# I am seriously allergic to fish and peanuts



## mvkj

Hi,
I am going to Korea this weekend and I am severely allergic to fish and peanuts. Can someone please help me to correct the below? (I used Google translate)
Many thanks!!

나는 물고기와 땅콩에 심각하게 알레르기가 있습니다. 나는 물고기 또는 땅콩을 포함한 음식을 먹을 때 심각한 반응을 겪습니다. 이것은 생선 소스, 다시와 된장국을 포함합니다.
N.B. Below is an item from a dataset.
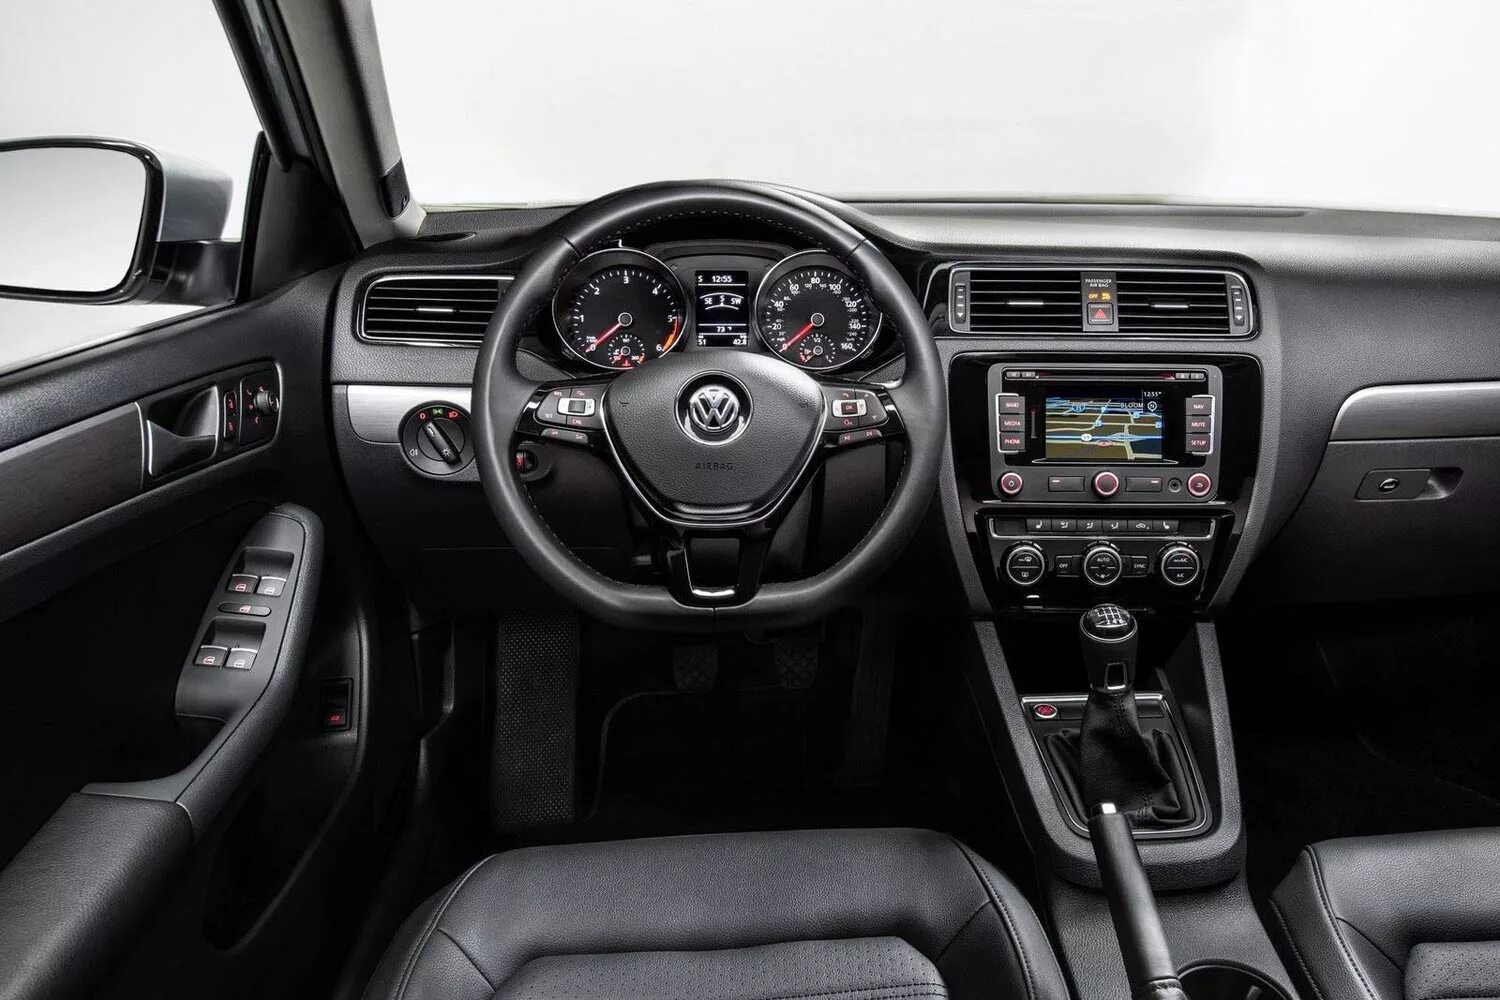 Volkswagen Jetta 2014 Interior. Volkswagen Jetta 6 салон. Фольксваген Джетта 2015 интерьер. Фольксваген Джетта салон. Volkswagen jetta салон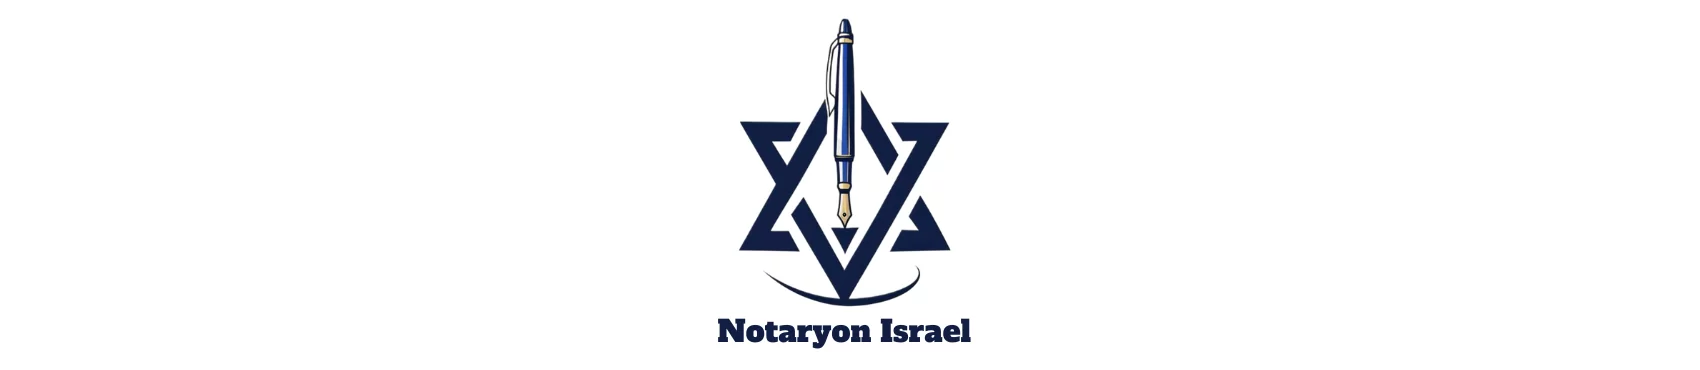 נוטריון ישראל: שירותי תרגום נוטריוני, ייפוי כוח והוצאת דרכונים

나는 먹을 수 있고 조개류, 정제 된 땅콩 기름 및 다른 견과류에 알레르기가 없습니다.

Want to say:
"I am seriously allergic to fish and peanuts. I suffer from serious reaction when I eat food containing fish or peanuts. This includes fish sauce, dashi and miso soup. 

I can eat and I am not allergic to shellfish, refined peanut oil and other nuts."


----------



## user829220

저는 물고기와 땅콩에 정말 심각한 알레르기가 있습니다. 
이것들은 주로 생선 소스나 다시, 된장국에 들어있어요. 
하지만 조개류나 정제된 땅콩기름, 다른 견과류에는 알레르기 반응이 없고 먹을 수 있습니다. 
신경 써주셔서 감사합니다.(Thanks for your care)

In Korea, we usually don’t think that allergic reaction is serious. 
You MUST tell them very seriously.


----------



## boomluck

mvkj said:


> I suffer from serious reaction when I eat food containing fish or peanuts.



저는 생선이나 땅콩류가 들어간 음식을 먹을 때 심각한 반응을 겪습니다. 

There was one missing sentence, so I am just adding it to complete.


----------